The paper’s summary states that UniVocal yields the lowest WER and highest naturalness (UTMOS) on all subsets, while its global SIM is slightly lower; at the same time, its unified architecture maintains far better intra-sample speaker consistency across mode switches (Shi et al., 1 Jun 2026). That distinction is important because SCSBench is sensitive not only to aggregate speaker embedding similarity but also to within-utterance coherence across mode changes.
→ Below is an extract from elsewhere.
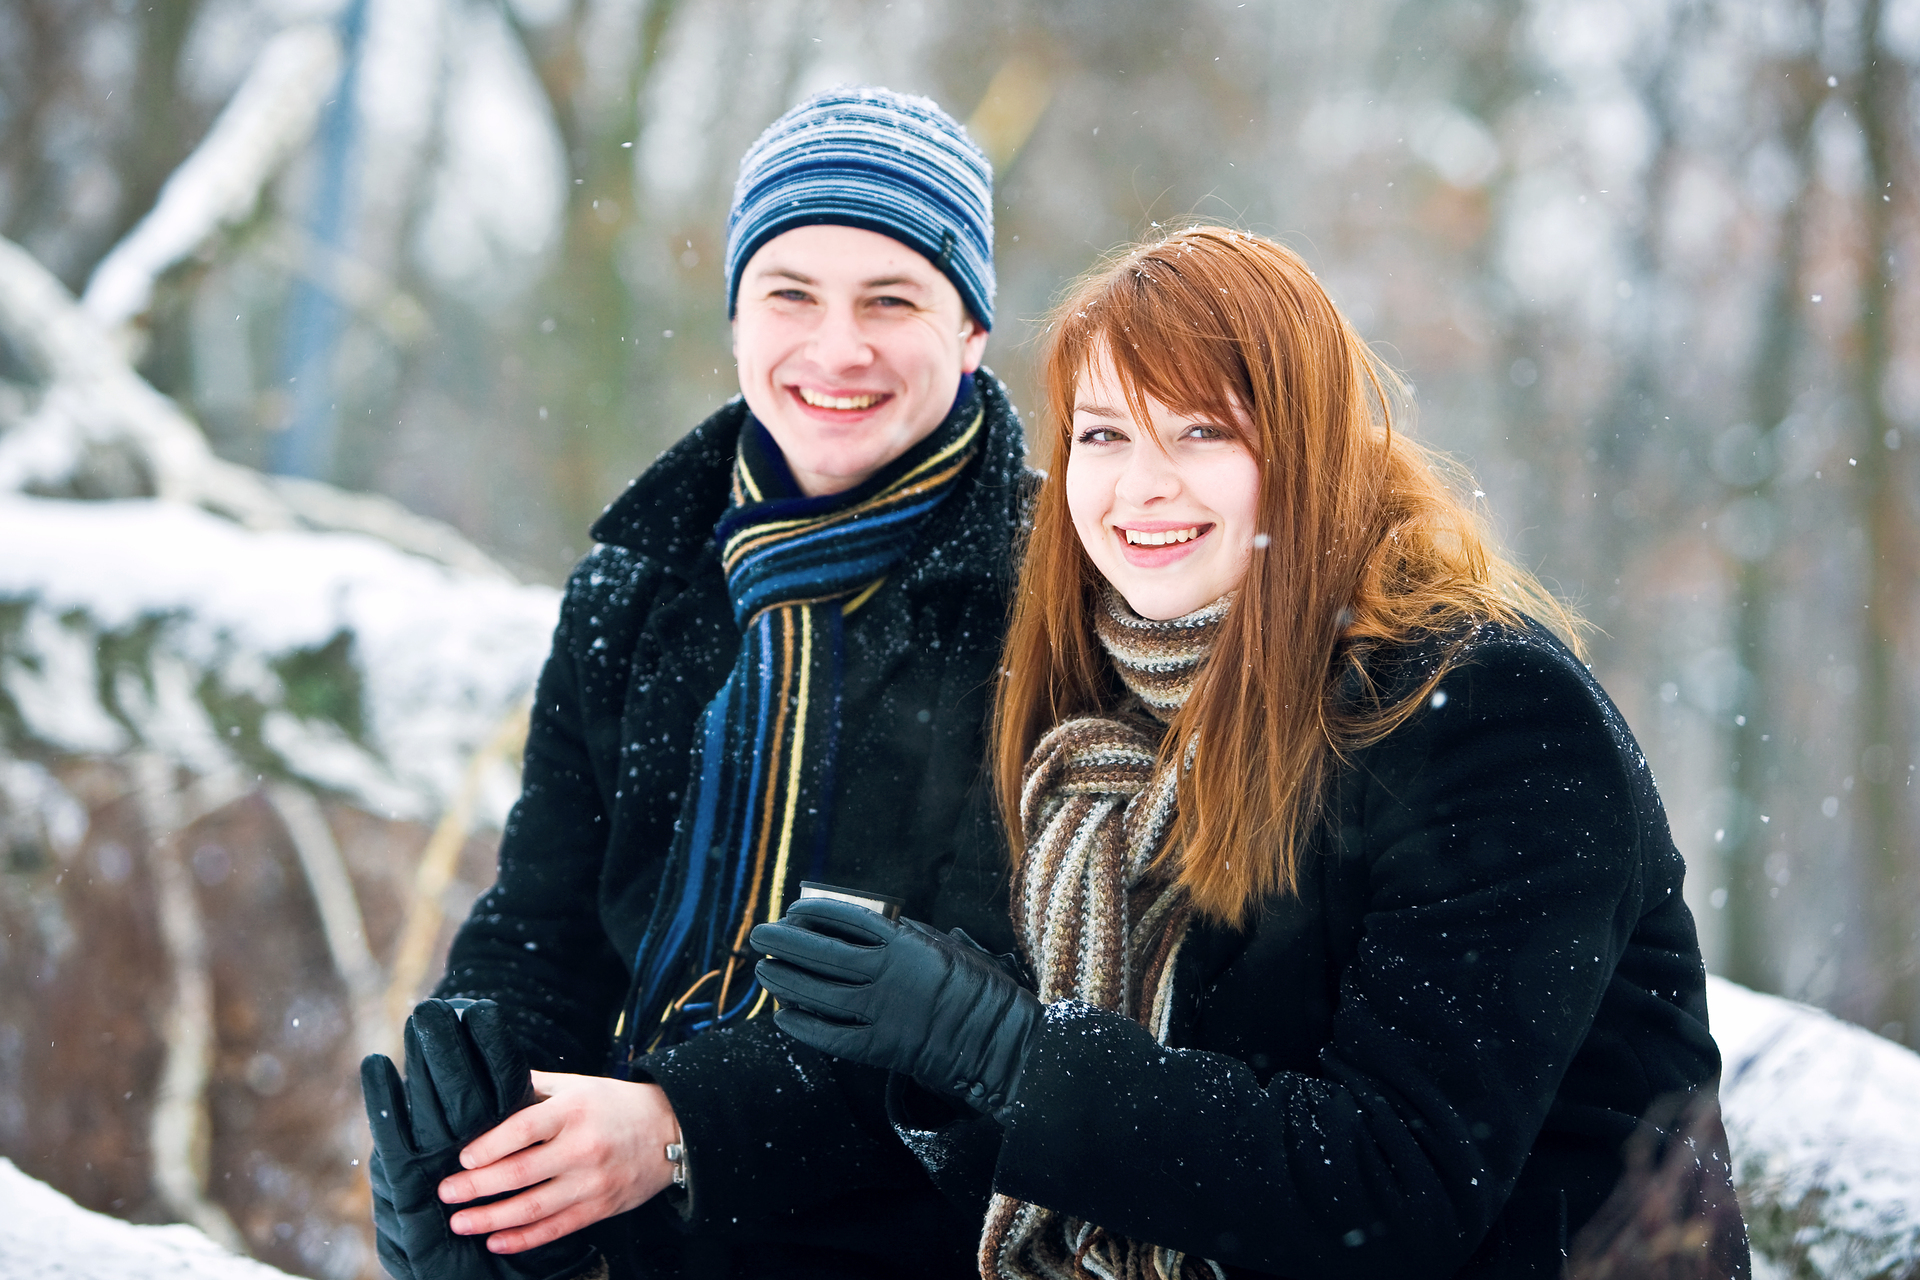 Na tym zdjęciu widzimy parę w wieku 14 lat, która spaceruje w zimowej scenerii. Chłopak trzyma dziewczynę za rękę, a ona ma na sobie ciepłą kurtkę z futrzanym kapturem. W tle widać śnieżne drzewa i biały krajobraz. Para uśmiecha się do siebie i wydaje się, że dobrze się bawią, chociaż jest zimno. Całość tworzy romantyczną i spokojną atmosferę, która idealnie wpisuje się w zimową aurę.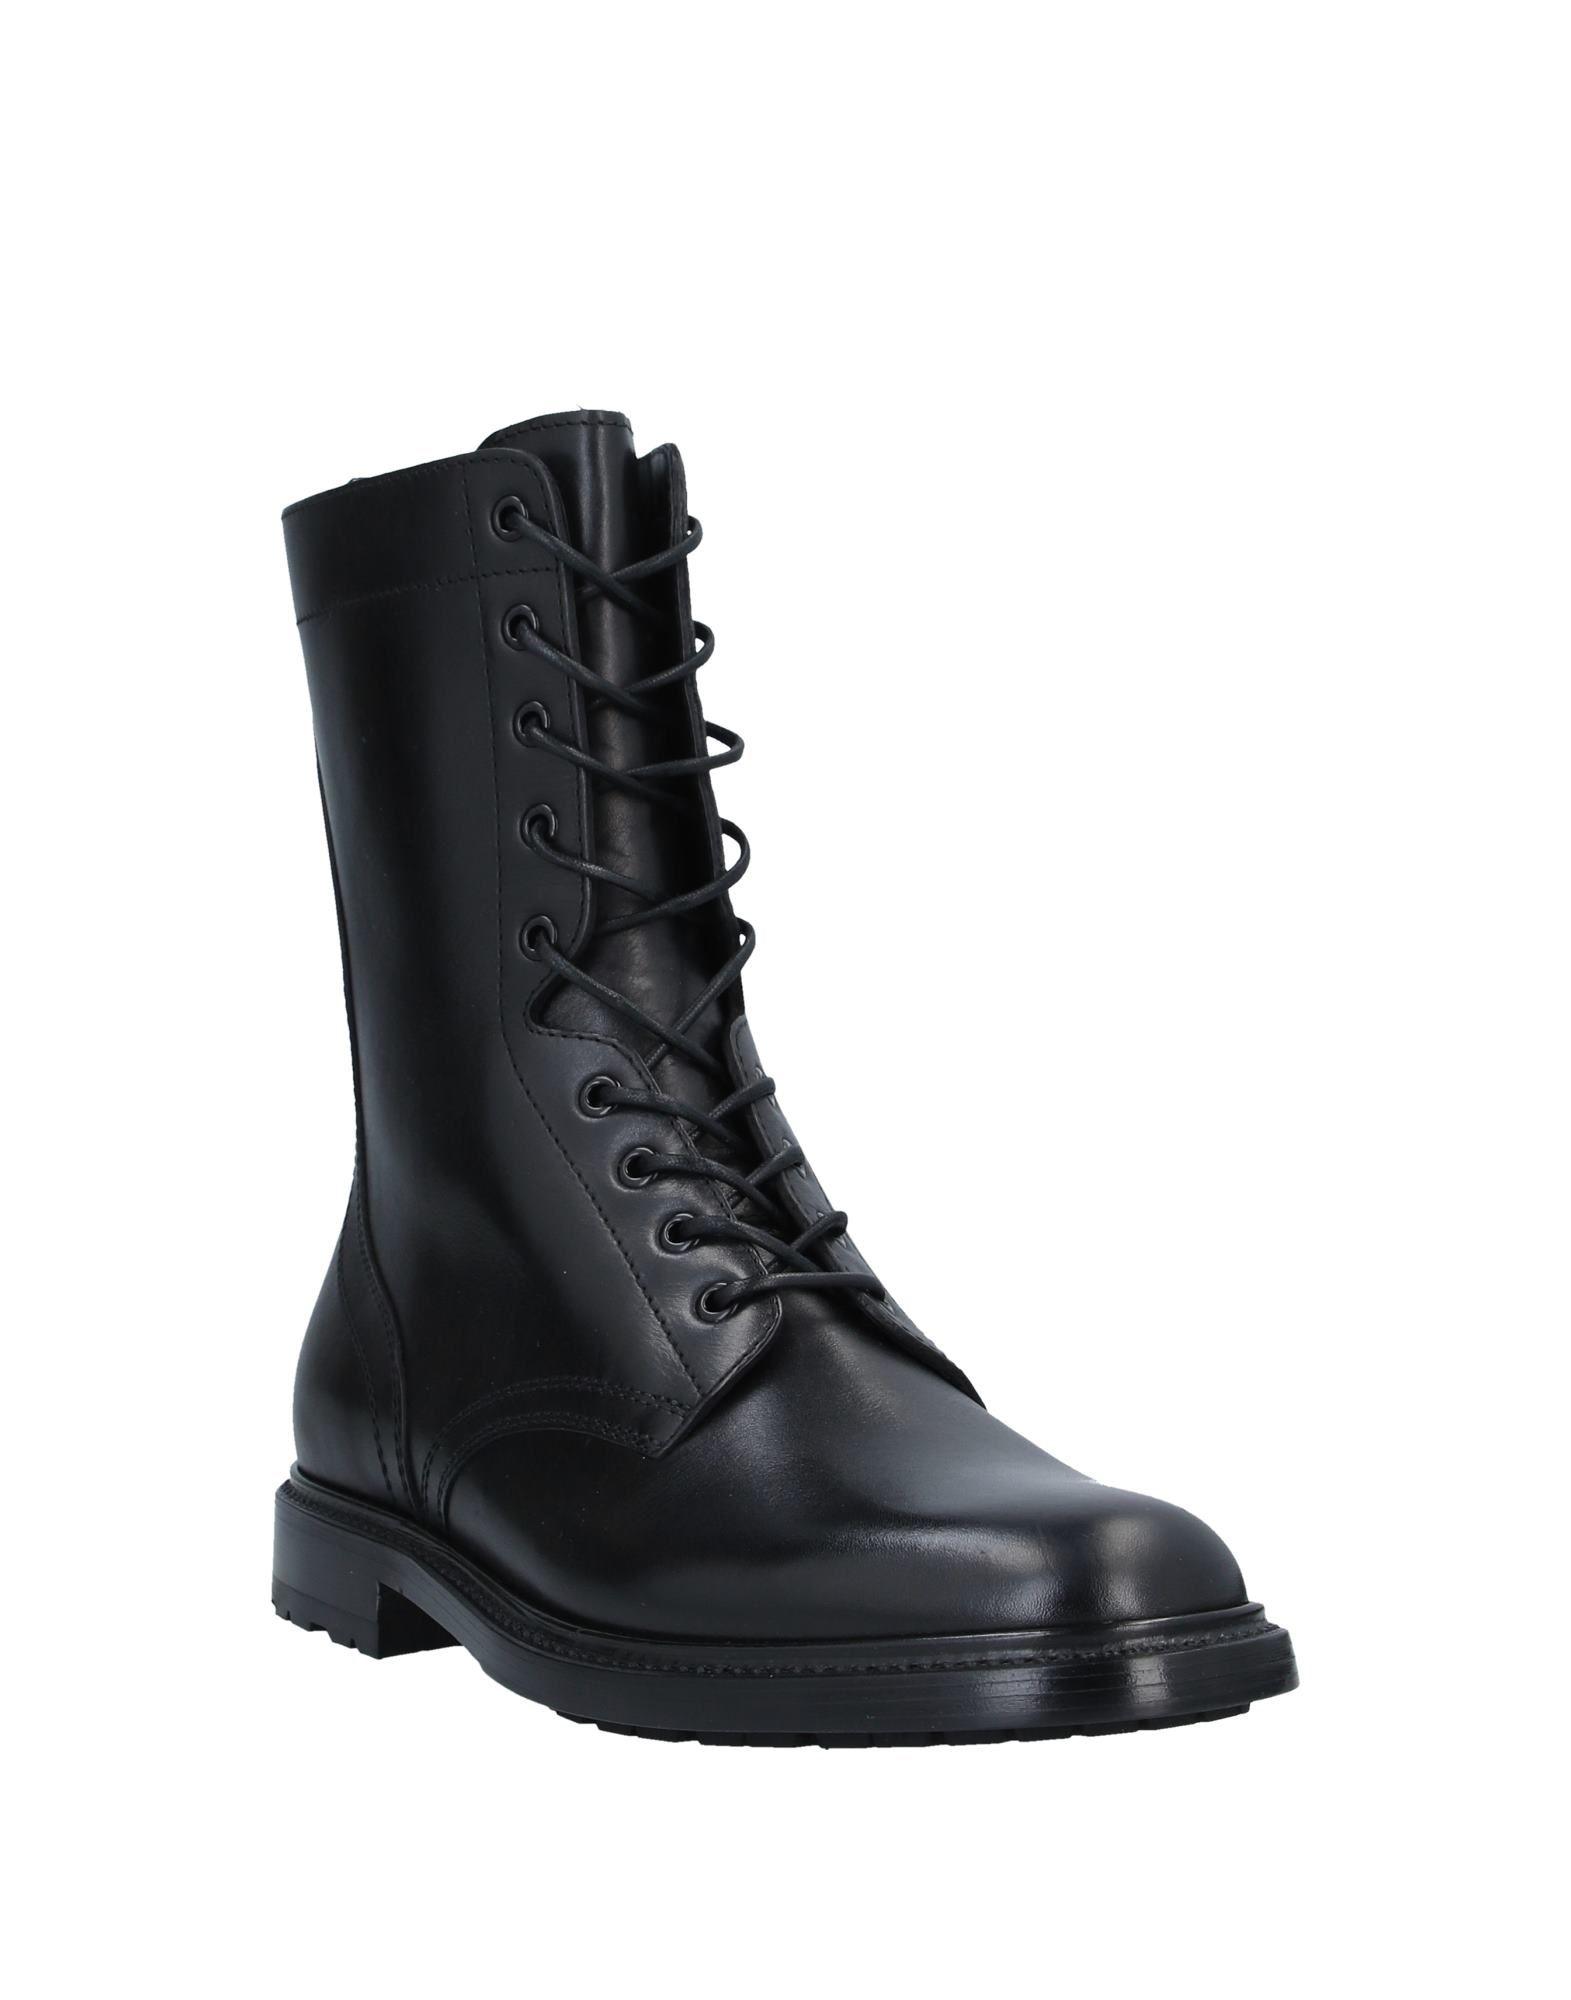 Celine Boots in Black for Men - Lyst

6. Methodological significance and interpretive considerations
SCSBench occupies a specific niche in speech and singing synthesis evaluation: it measures semantic-driven speech↔singing switching under scenario variation and cue variation, rather than evaluating speech synthesis and singing synthesis as isolated tasks (Shi et al., 1 Jun 2026). The benchmark’s three-scenario design and three cue subsets provide a controlled way to probe whether a model can respond to prose-versus-lyric structure, explicit trigger phrases, or both. This suggests a decomposition of the problem into at least two sub-capabilities: recognizing switch cues from text and rendering stable transitions acoustically.
A second methodological feature is the combination of synthetic benchmark construction, objective LLM-based evaluation, and human segment labeling (Shi et al., 1 Jun 2026). The synthetic pipeline enables scale and balancing across scenarios and cue regimes. The ICL-calibrated evaluator supports automated mode-switch scoring, while human F1(S) and Fleiss’ provide a check on subjective validity. A plausible implication is that SCSBench is intended not merely as a demonstration set for UniVocal, but as a reusable testbed for future systems that claim implicit control over mixed speech-and-singing generation.
Finally, SCSBench should not be interpreted as a benchmark for explicit-control switching systems alone. Its defining constraint is the absence of switching-control tags in the task formulation (Shi et al., 1 Jun 2026). Systems that rely on explicit markup may still be evaluated if adapted, but the benchmark’s central research question is whether mode transitions can be inferred from textual semantics without external control symbols. In that sense, SCSBench formalizes a benchmark target that is narrower than generic expressive TTS and broader than conventional single-mode speech or singing synthesis.